Nurşin Medresesi öyle bir yerdir, Allah (c.c.)’ın oraya öyle bir teveccühü vardır ki bütün bildiğimiz zümre-i salihin orada yetişmiştir. Nurşin gerek bölge halkı gerek de yurt içi ve yurt dışından birçok ziyaretçiyi burada meftun bulunan Allah (c.c.) dostlarını ziyaret amacıyla ağırlamaktadır. Turistik açıdan da bu nedenle aktif olan bölgede; Abdurrahman-ı Taği Hazretleri, Muhammed Diyauddin Hazretleri, Şeyh Said Hazretleri ve Seyda Fadlullah hazretlerinin Kabri şerifleri bulunmaktadır.
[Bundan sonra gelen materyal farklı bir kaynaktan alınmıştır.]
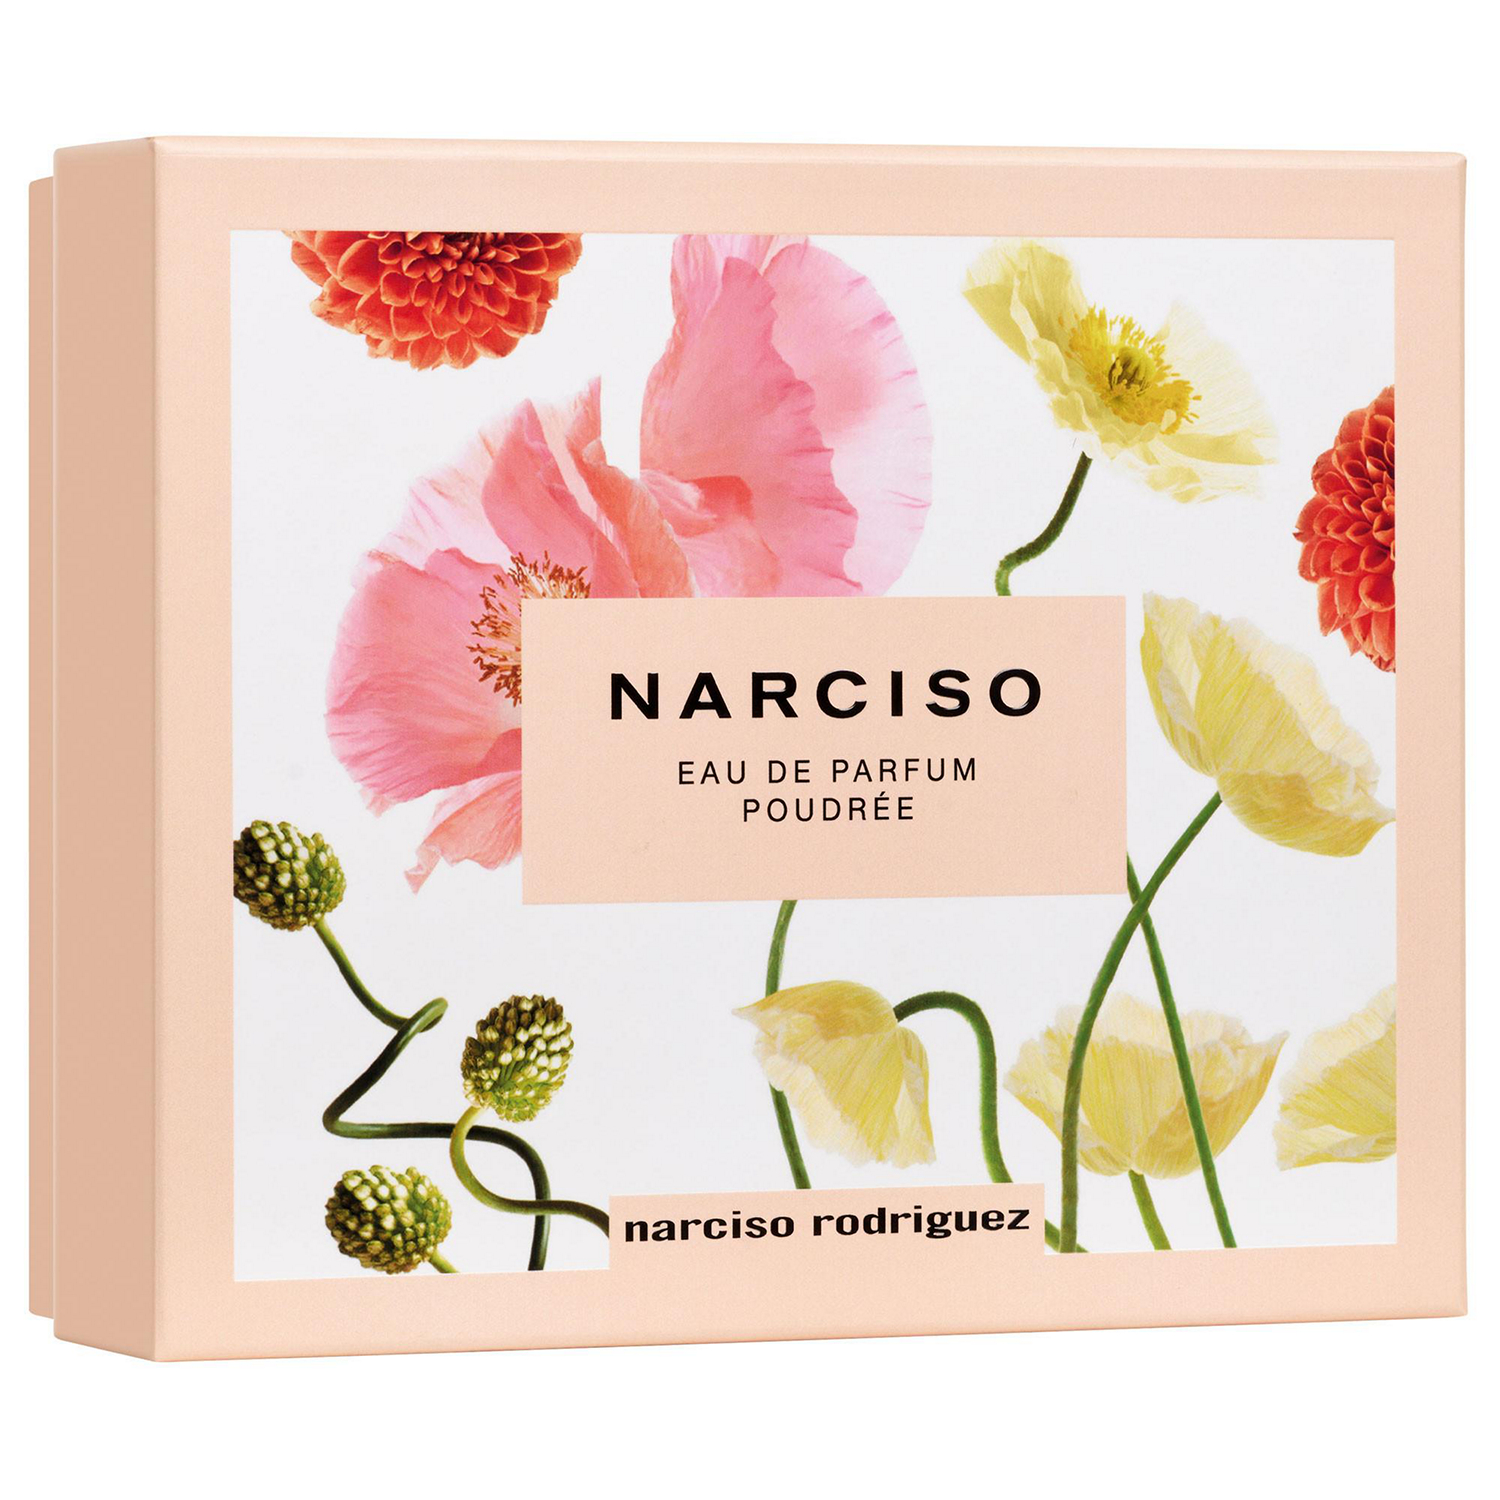 Narciso Poudrée EDP 50ml Gift Set

Bu güzel kabristan, girişinde tasavvufun temel prensiplerinden olan “Edeple gelen lütufla döner. İlla edep illa edep” yazısıyla bizi karşılayarak insanlara edebin önemini bir kez daha vurgulamaktadır. Arapça mezarlık anlamına gelen Merkad adı ile anılmakta ve bölge halkı tarafından bu isimle bilinmektedir. Şah-ı Nakşibend (k.s.) Rabbi Rahimine Kavuşan Allah dostları kınından çıkmış kılıç gibidir, daha keskin olur, diyor. Bu yüksek ruhların ziyaretlerinin hatırına ilahi aşk adeta ziyaretçilerine cerrahi bir kalp ameliyatı ile verilmektedir. Kalpleri Allah (c.c.) ile buluşturmaktadırlar. Bunun yanında bedeni hastalıkların da şifa bulduğu bölgeyi ziyaret eden kişilerce söylenmektedir.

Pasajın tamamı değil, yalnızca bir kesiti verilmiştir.